In order to transform the data for statistical analysis using bsseq we create two new files for each sample, one for mC and other for hmC.
awk '{print $1, $2, $10, $4=int($11*$10/100+0.5) }' modified_bases.5mC.bed > mCmethylation.bsseq.tsv
awk '{print $1, $2, $10, $4=int($11*$10/100+0.5) }' modified_bases.5hmC.bed > hmCmethylation.bsseq.tsv
head mCmethylation.bsseq.tsv
chr10 3125029 11 9
chr10 3125030 8 8
chr10 3125246 14 11
chr10 3125247 8 8
chr10 3125654 10 8
chr10 3125655 9 8
chr10 3125928 15 12
chr10 3125929 10 10
chr10 3125940 14 13
chr10 3125941 9 9
Once we have created all necessary .bsseq.tsv we can run DSS.R to find Differentially methylated regions. Two scripts are provided: DSS.R DSS_design.R. DSS.R does not take into account any known covariates, is the most basic test; DSS_design.R. Same scripts were used for mC and hmC analysis. Scripts need to be adapted depending on the number of samples and the path where they are stored. The data exemplified in our scripts in our F0 sperm data (4vs4). R scripts can be run as bash jobs for large datasets using the script Rscript.slurm.
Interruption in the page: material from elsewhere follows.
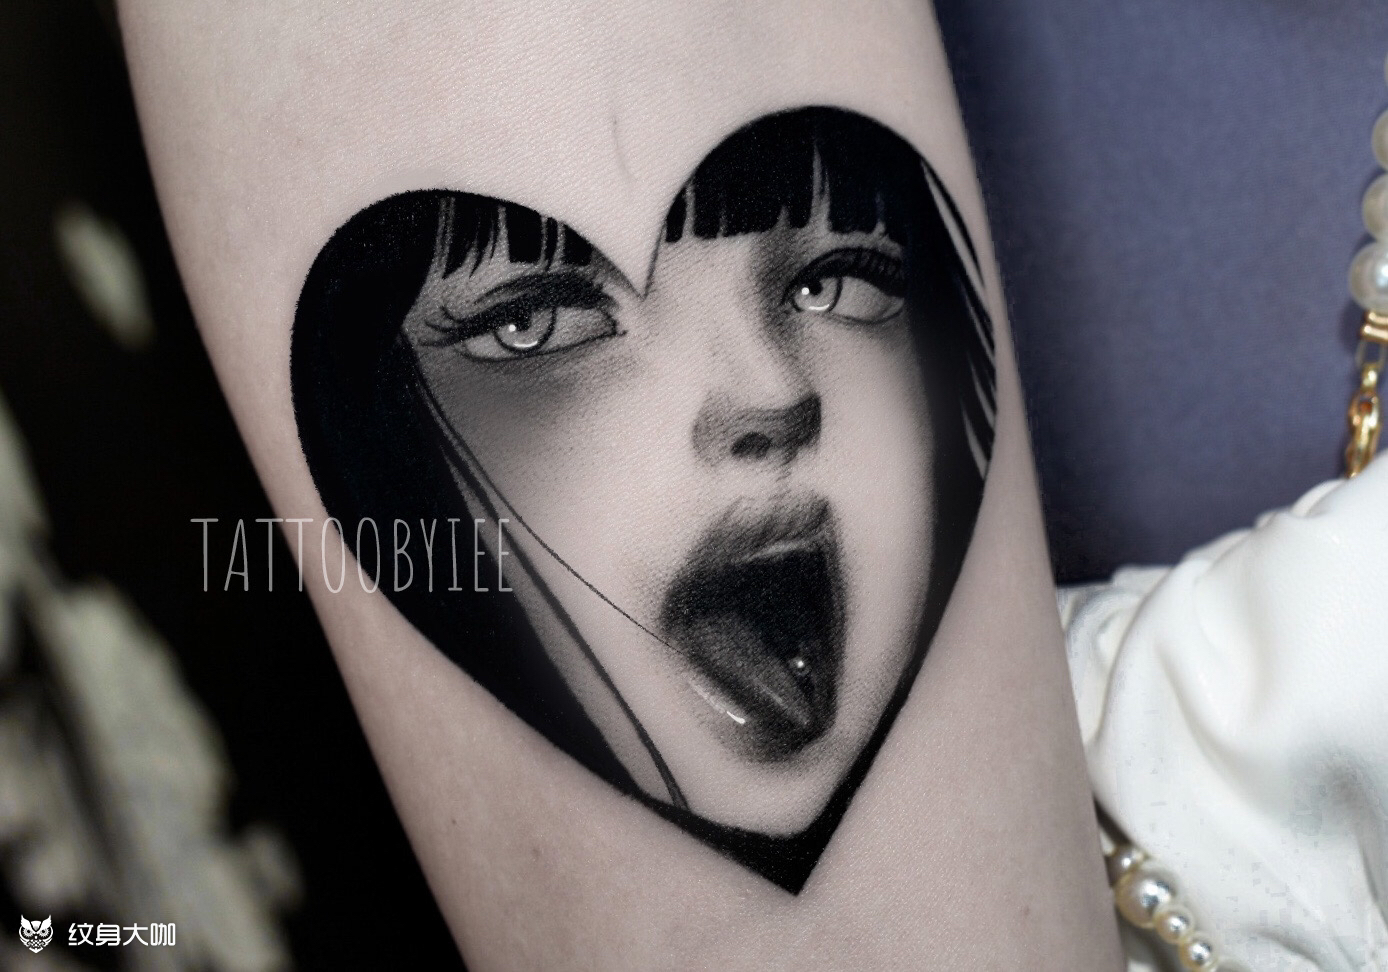 ArtStation - Tattoos girl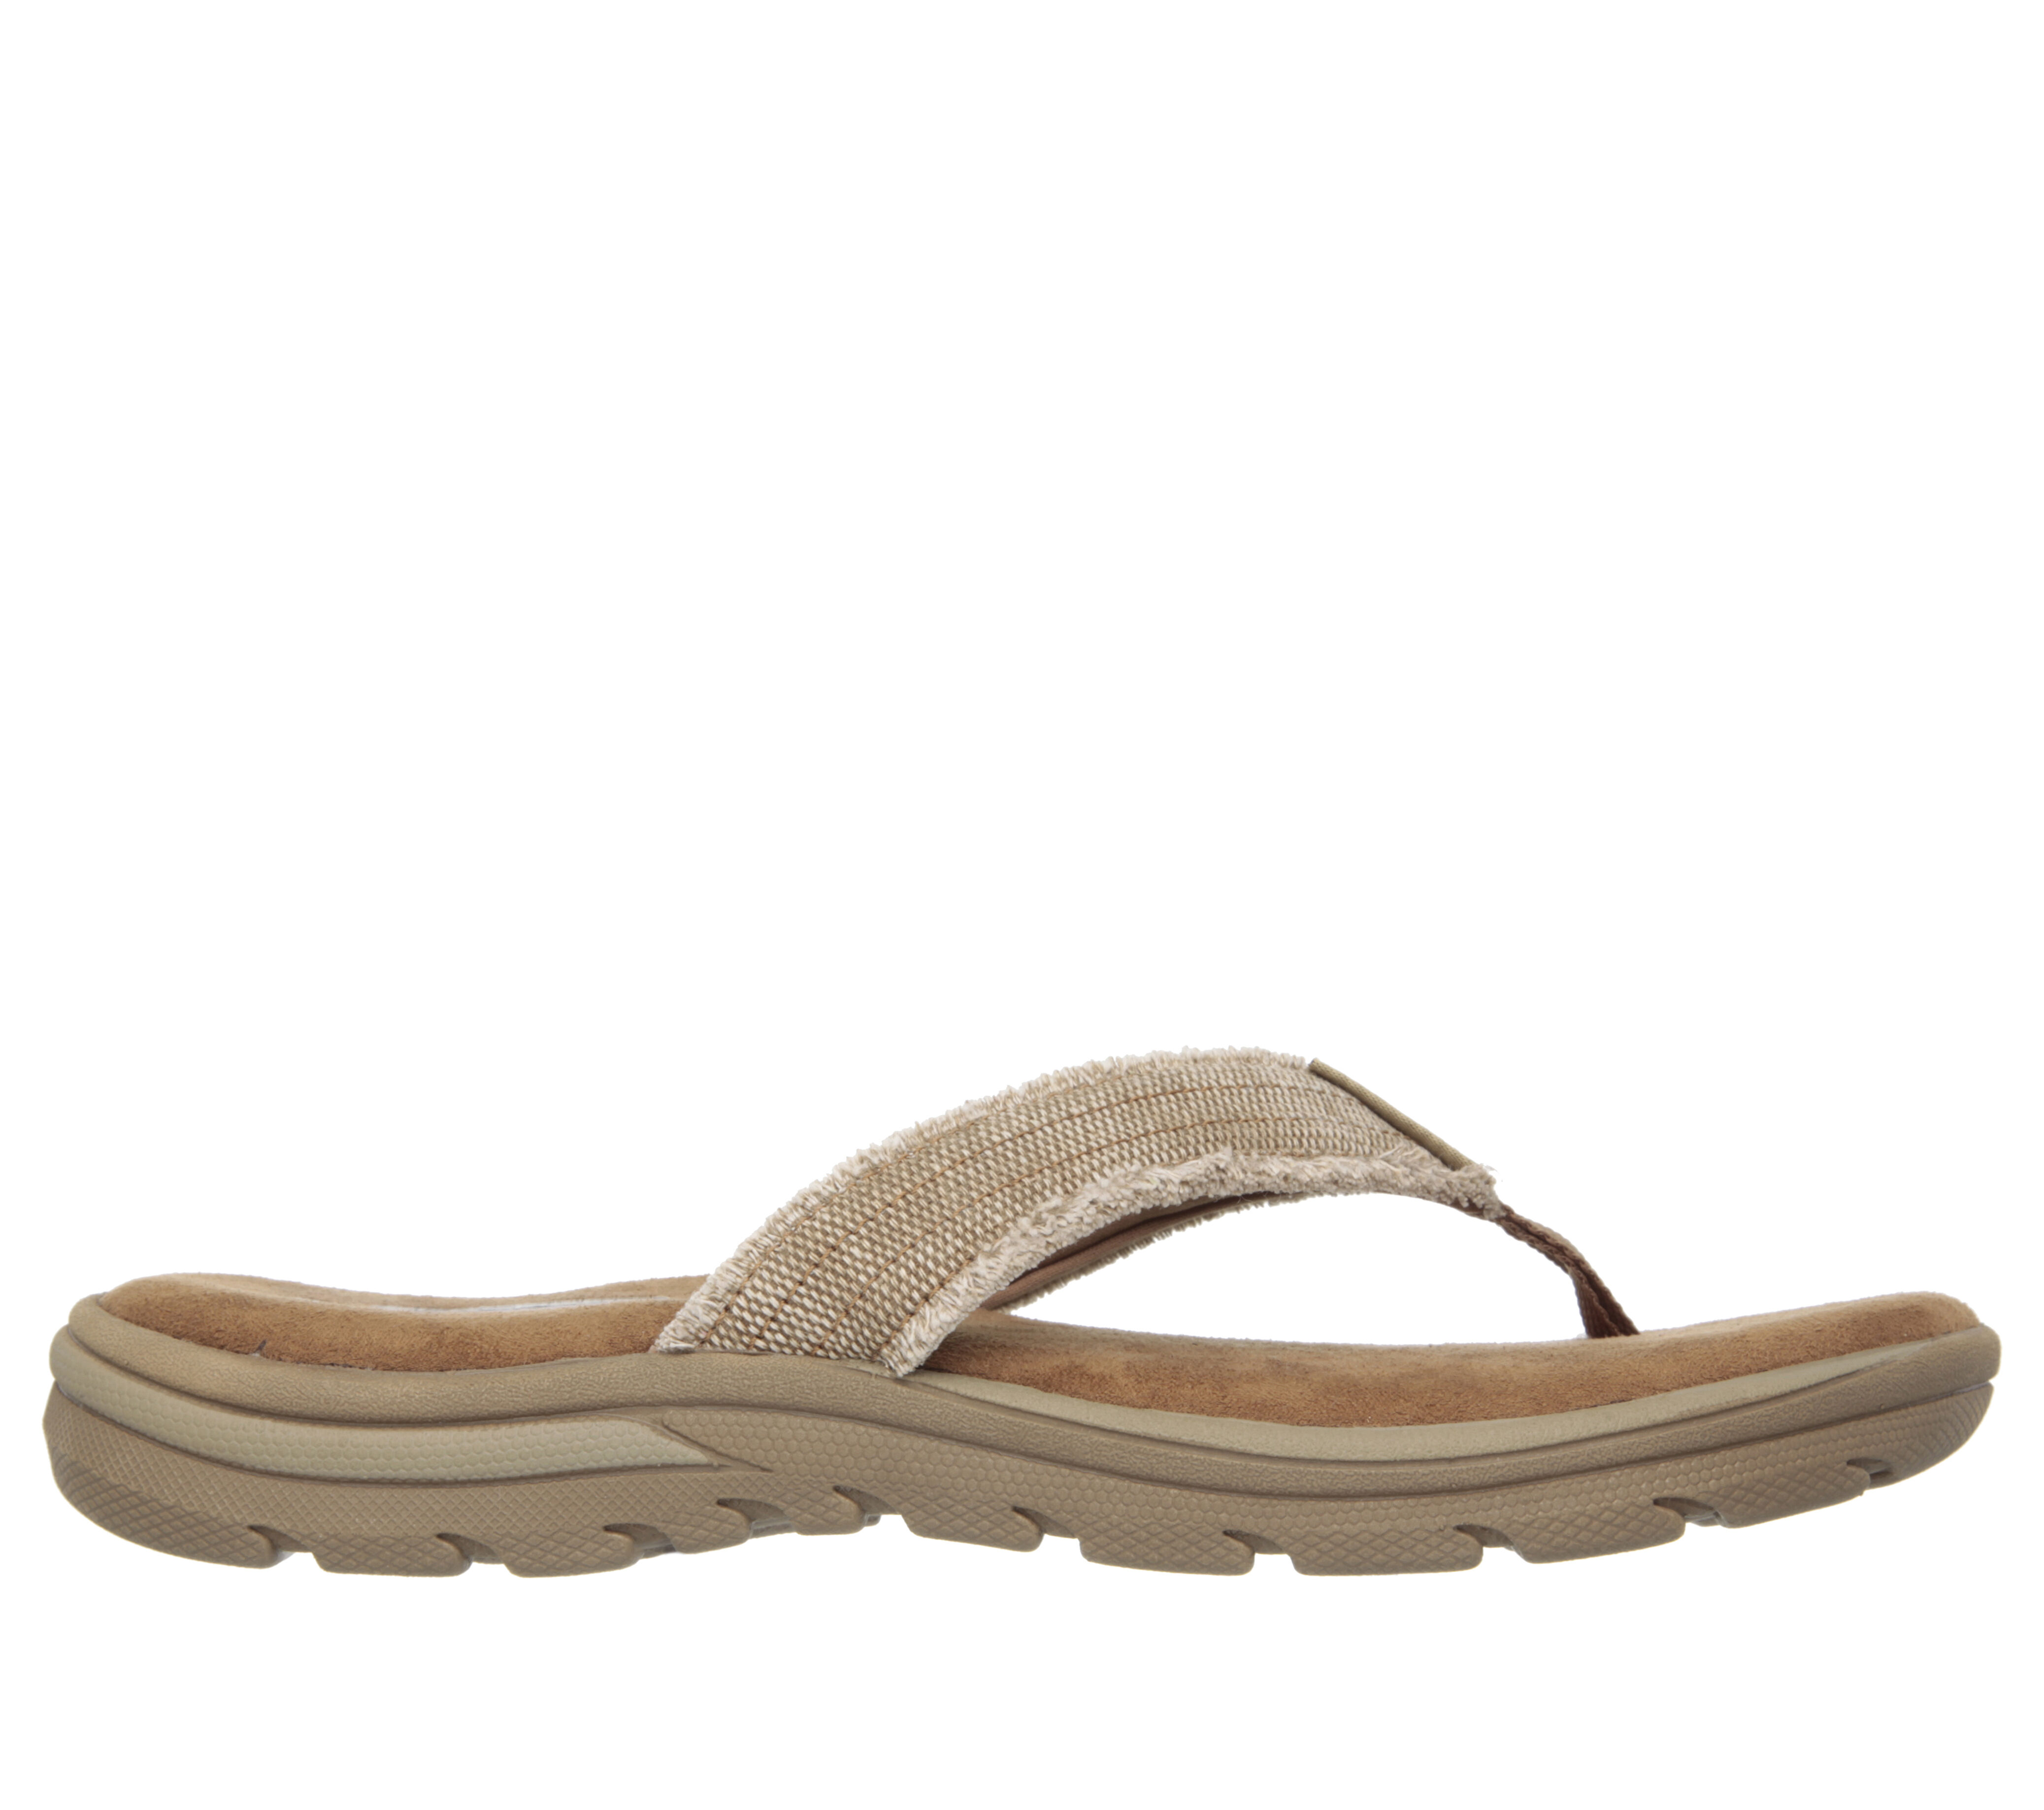 skechers sandals in canada

Again, we transformed our .bed files from megalodon to fit EdgeR model. Once the methylation.edgeR.tsv file are created the script Edger.R was run ( the script provided was the one run for methylation of F0, it has to be modified for each set of samples).
awk '{print $1, $2, $3, $11, int($10*$11/100 + 0.5), int($10*(1-$11/100) + 0.5)}' modified_bases.5mC.bed | sed 's/^/chr/' | sed 's/ /\t/g' > methylation.edgeR.tsv
awk '{print $1, $2, $3, $11, int($10*$11/100 + 0.5), int($10*(1-$11/100) + 0.5)}' modified_bases.5hmC.bed | sed 's/^/chr/' | sed 's/ /\t/g' > hmethylation.edgeR.tsv
The different plots for methylation data can be found in the script plots.R.